Tear them up Bill, I will be at the beach on vacation.


----------



## Brown Hornet (Aug 8, 2002)

This a very nice range for those of you that haven't been there......

Maybe I will come fling a few :noidea:


----------



## Kstigall (Feb 24, 2004)

Brown Hornet said:


> This a very nice range for those of you that haven't been there......
> 
> Maybe I will come fling a few :noidea:


Well, I see you've come to terms with how you shoot a bow.............


----------



## Hammer X (May 20, 2008)

Brown Hornet said:


> This a very nice range for those of you that haven't been there......
> 
> Maybe I will come fling a few :noidea:


Why don't you come and see if Hinky's up for it!
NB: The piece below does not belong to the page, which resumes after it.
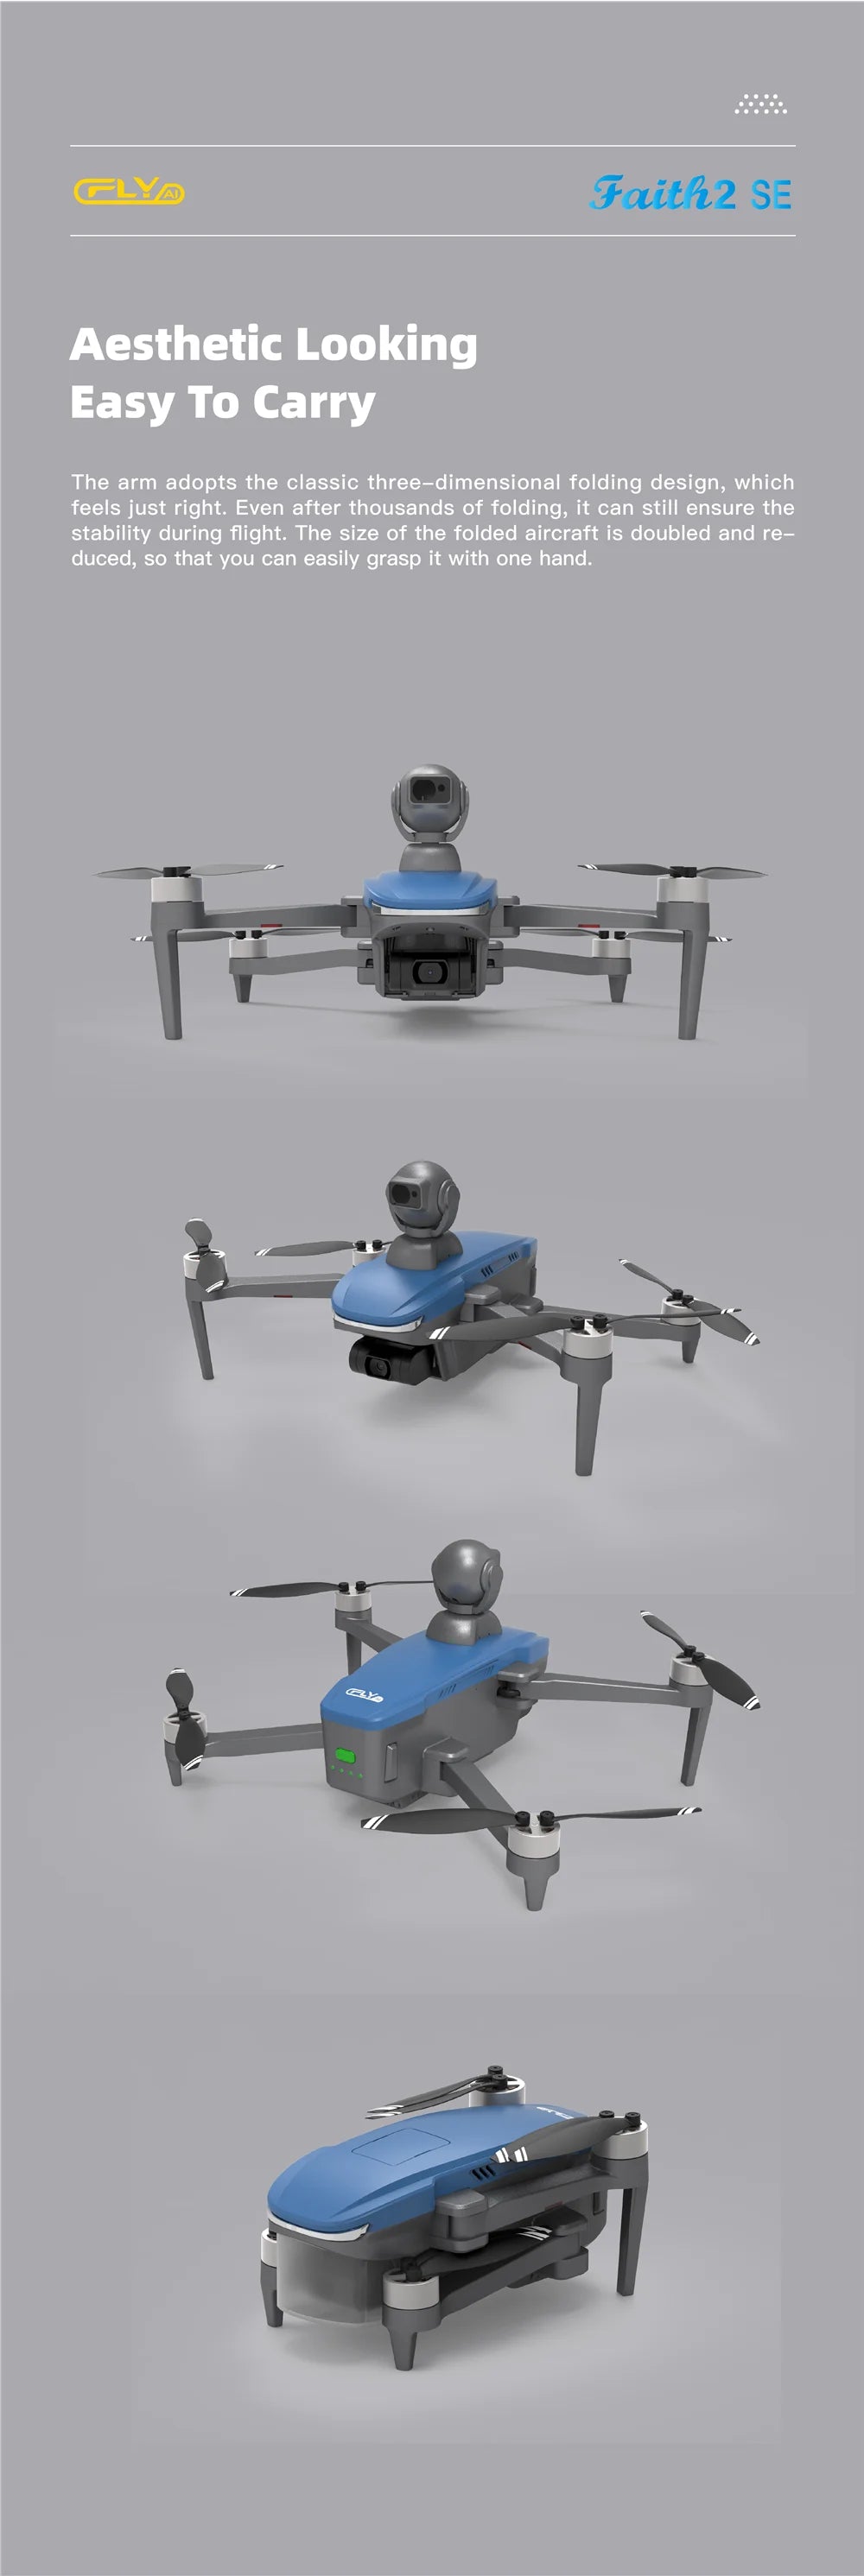 CFLY Faith2 SE Drone, the folding arm adopts the classic three-dimensional folding design, which feels just right .

Kent, you might as well go ahead and make the trip too.


----------



## Brown Hornet (Aug 8, 2002)

Kstigall said:


> Well, I see you've come to terms with how you shoot a bow.............


When you stop shooting rubber deer from the cub stakes you can talk about shooting outdoors :thumb:

and the last time we talked you were the one "flinging" arrows....I didn't have a 5 spot round under 49Xs....how many did you have again? :zip: 
So either stay in the kiddie pool or come get you some....


----------



## xring1 (May 28, 2008)

*where are ya?*

just exactly where is this place located at, Iam in southern wv!


----------



## Hammer X (May 20, 2008)

xring1 said:


> just exactly where is this place located at, Iam in southern wv!


Northern VA., Brentsville just out side of Manassas. You can get directions on www.vbarchers.com . look under maps.


----------



## Brown Hornet (Aug 8, 2002)

xring1 said:


> just exactly where is this place located at, Iam in southern wv!


DIRECTIONS
Interstate 95-Take Rt 234 exit and go approximately
10 miles to
Route 619 West Follow 4 miles to IWLA sign on
left. Turn onto Izak Walton Drive. Club house is on
the right side of the Y in the road.
or
Interstate 66– Take Route 234 Bypass Exit ( Prince
William Parkway) Take Route 28 South Exit and go
approximately 2 miles turn left on Route 619 and go 6
miles to Izak Walton Drive on right-Club house on
right side of Y in the road.


----------



## Hammer X (May 20, 2008)

Brown Hornet said:


> DIRECTIONS
> Interstate 95-Take Rt 234 exit and go approximately
> 10 miles to
> Route 619 West Follow 4 miles to IWLA sign on
> ...


Thanks Hornet, :wink:


----------



## Hammer X (May 20, 2008)

ttt


----------



## Brown Hornet (Aug 8, 2002)

How was the shoot?


----------